Chronic kidney disease (CKD) is mostly linked to advancing years as the population ages. It frequently co-occurs with other illnesses. As a result, an increasing number of older people are dealing with chronic kidney disease in addition to their other chronic illnesses and the issues that come with being older in general. Therefore, while thinking about management and interventions, the quality of life must be a significant outcome.
Kidney failure is characterised by a particularly low level of kidney function. One treatment for kidney failure is to receive a kidney transplant. Despite a twofold increase in organ donation over the previous two decades, there are still over 92,000 patients on the national transplant list who need a kidney. Dialysis is another option for treating many older adults with renal failure; but, for others, the thought of it might be terrifying. However, recent studies indicate that beginning dialysis can enhance an older person's quality of life.
Old Age and Dialysis
Older people who develop kidney failure may need to receive dialysis therapy. Kidney replacement therapy, also known as dialysis, is the process of removing extra waste from the blood. An elderly person's kidney failure prognosis without kidney dialysis in Kolkata is impossible to predict and depends on several variables, such as other underlying conditions. Because of this, it's crucial to seek the advice of medical specialists and close family members before starting or, potentially, stopping dialysis.
Dialysis is a time-consuming process that requires numerous treatments per week (often three). It takes several hours to sit still and be connected to a dialysis machine for each session. Additionally, getting to and from the dialysis facility and home necessitates transportation. For some elderly people, the risks or time required for travel and treatment may outweigh the benefits in terms of quality of life.
All types of dialysis, like all medical procedures, have potential side effects that can be compared so that patients can choose where their personal risk/benefit ratio lies. However, the third option—going without dialysis—is nearly always associated with a lower life span.
Quality of Life among Older People after Dialysis
Older people receiving dialysis differ from their younger counterparts in significant ways. For instance, older people receiving dialysis have a higher prevalence of geriatric syndromes such as frailty, functional impairment, and cognitive impairment and tend to have more chronic conditions than their younger counterparts. They also have a higher symptom burden, are less likely to be employed, have shorter life expectancies, and are more likely to have these conditions. These variations do not affect the psychometric qualities of older people. To know more, consult with the best kidney specialist in Salt Lake Kolkata.

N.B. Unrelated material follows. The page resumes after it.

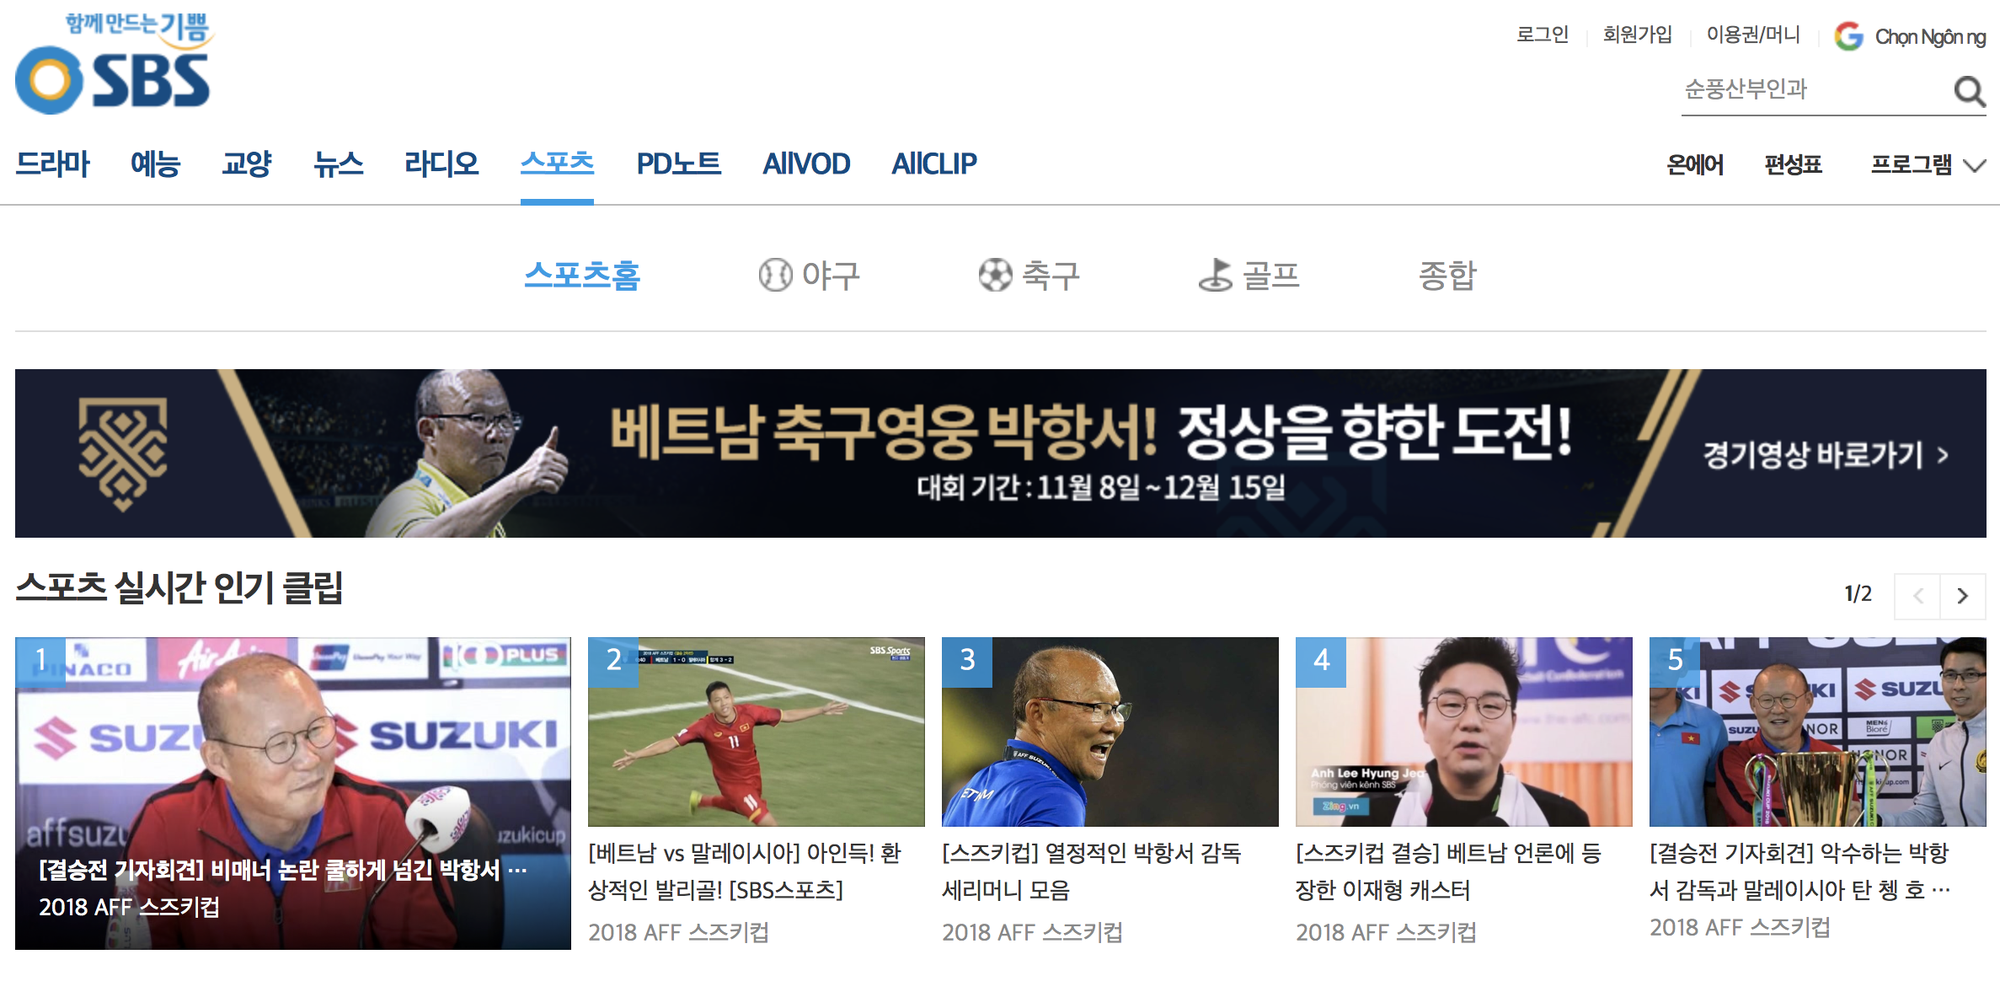 Truyền thông Hàn Quốc: Ông Park làm nên lịch sử kỳ diệu cùng bóng đá Việt Nam - Ảnh 3.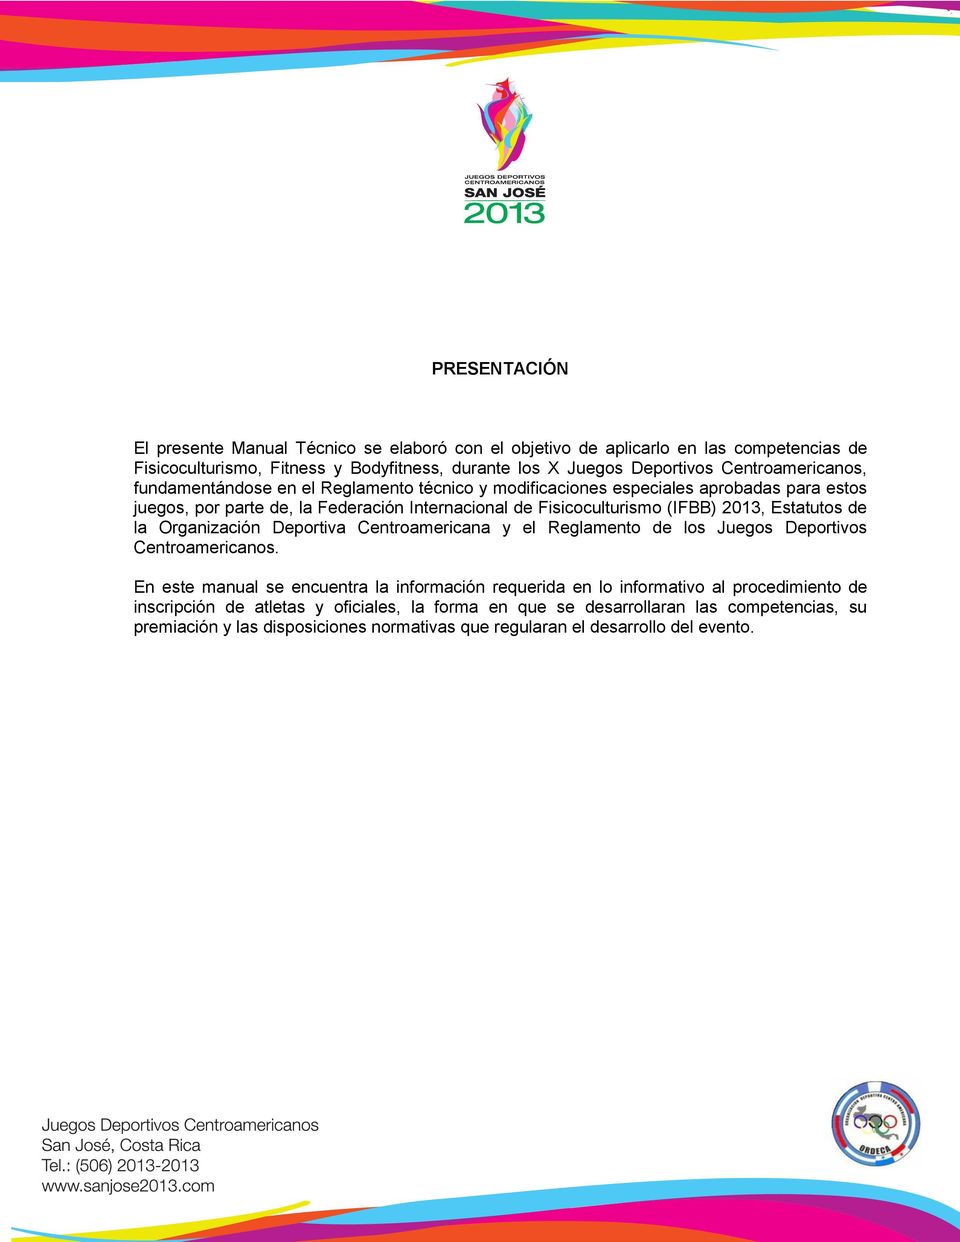 2013, Estatutos de la Organización Deportiva Centroamericana y el Reglamento de los Juegos Deportivos Centroamericanos.

How Dialysis can Improve the Quality of Life for Older Adults?
The elderly's life expectancy on kidney dialysis is influenced by their underlying health issues and how well they adhere to their treatment schedule. Although many people use dialysis for 20 or 30 years, the typical life expectancy is only 5 to 10 years.
In the year preceding dialysis, older people with advanced chronic kidney disease experienced a decline in their mental and physical well-being. However, after dialysis began, the decline in their condition stabilised. Many older people with kidney failure are concerned that kidney dialysis may reduce their quality of life even though it may lengthen their physical lives. Dialysis may not only prolong life for older people but also enhance their physical and mental health.
When thinking about management and interventions, the quality of life must be a major consideration. It is recommended to adhere to the referral guidelines for renal clinics to prevent pointless outpatient appointments and tests. Dialysis should be discussed with patients and their families openly and honestly, taking into account its influence on lifestyle.
There might not be a difference in survival rates between dialysis users and those receiving conservative therapy for frail patients. Instead of standard hospital hemodialysis, home therapy is now a possibility thanks to the development of assisted peritoneal dialysis. Measures of the standard and efficacy of care for elderly patients with chronic kidney disease should move away from strictly medical goals and incorporate patient outcomes.